We make these sacrifices of time by coming to worship on Sundays, and on Wednesdays during Lent; we give our financial offerings, and we offer ourselves and our abilities to God by volunteering and caring for others in response to what Jesus has done for us. 1 John 4:19 says, “We love because He first loved us.” Leading a Christian life is not to be considered an unpleasant job for us. We should enjoy doing these things for God, even though they are sometimes difficult. Living for God, being a witness for God is something that should permeate every thought we have, every move we make, and every breath we take.

When Jesus came to this earth, His purpose was to do 2 things: Live a perfect life in our place and Die an innocent death in our place. Every decision He made, every miracle He performed, every story He told was done to accomplish that purpose. There were times when His decisions caused Him a lot of pain and suffering; and there were times when He was tired and wanted to be left alone. But when people, who were hurting or suffering, came to see Him, He put aside His needs and willingly took the time to heal, comfort, and teach people. It was more than a job for Him, it was His way of life.

And that’s what the Christian life should be for us, as well. Being a Christian should permeate every area of our lives. Jesus emphasizes this in verse 34 of our text when He says, “If anyone would come after me, let him deny himself and take up his cross and follow me.” This means that we refuse to make ourselves the sole focus of our lives, and instead we joyfully make God and His will the center of our lives, and this will involve sacrifice. Whenever you deny yourself, you naturally sacrifice and carry a cross.

Sometimes the cross comes from those who want you to do what they want, but you refuse because it’s not what God wants. For example, imagine the pressure a teenager can receive when they choose the church over sports, because the practice times for the sporting event take place during worship or Bible study. Maybe you’ve had the experience of a relative or friend visit you on the weekend and they get upset with you, because you still go to church on Sunday morning instead of spending time with them at home or somewhere else. Or maybe you know someone who received a poor review from their boss at work, because they took an ethical stand on an issue or office procedure. We don’t like those kinds of crosses, they can make the Christian life feel like something we have to do instead of something we want to do.

Peter, the disciples, and many others in our text did not like the idea that Jesus would be rejected by the world, and would suffer and die. When Jesus told them this was going to happen, Peter, the disciples, and this crowd of people who were thrilled to follow Jesus after seeing His amazing miracles faced a real fork in the road in their discipleship. Which way were they going to go? When Jesus said in verse 34, “If anyone would come after me,” I’m sure there were many people who were ready to raise their hand and say, “Pick me! Pick me! I’m ready to follow you!”

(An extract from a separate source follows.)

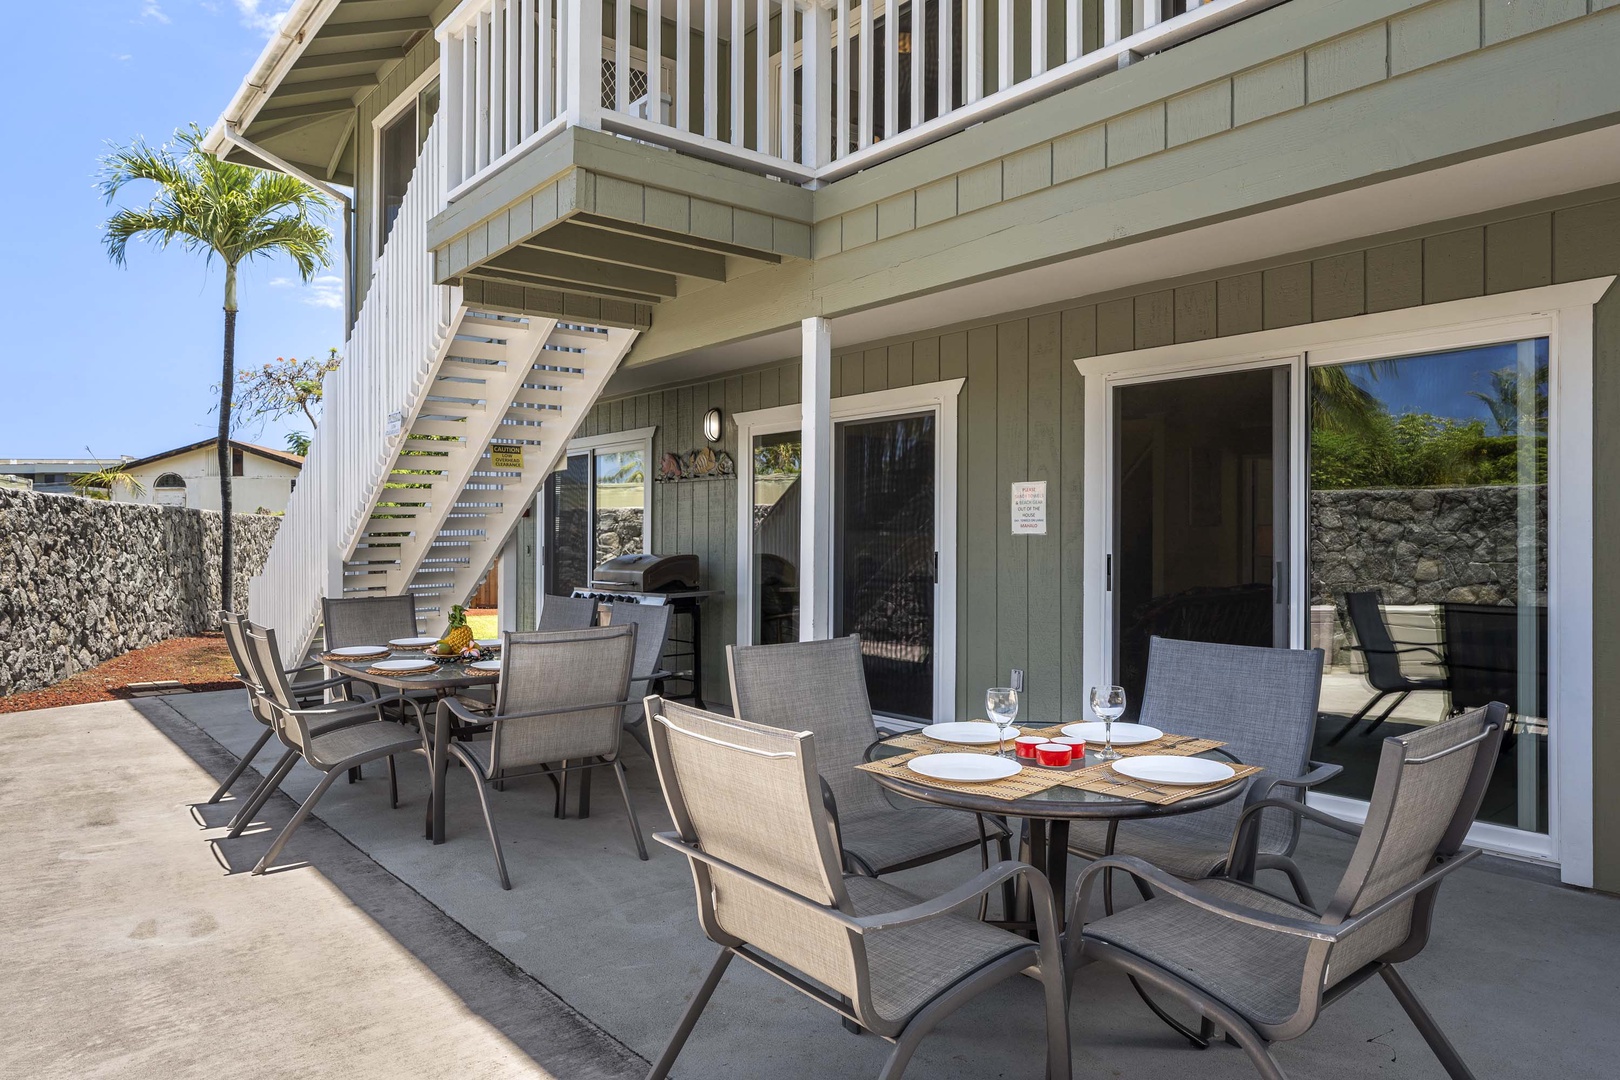 Kailua Kona Vacation Rentals, Hale A Kai - Partially covered dining options

But when Jesus went on to say, “Let him deny himself and take up his cross and follow me,” I’m sure many who were going to raise their hand then said to each other, “That doesn’t sound fun; it’s getting late, we should probably head home.” The people, including Peter and the disciples, did not understand that such a price, Jesus’ death, was necessary to restore the relationship between us and God. But it happened and as a result, we are forgiven and eternal life is ours by the cross of Jesus, and now there is no price that is demanded of us.

Jesus had a purpose for coming to this world and He fulfilled it. Are you ready to step up as a witness for Jesus in your words, actions, and lifestyle in response to what He has done for you? Take a moment today to look at this orange insert and consider how you can step up in your witness of Jesus, which may involve doing some uncomfortable things or doing some things in a different way. As Christians, our purpose in life is to deny ourselves, take up our crosses, and follow Jesus, because Jesus intentionally chose to suffer and die to give us life and to give us a clear purpose for the lives we live each day.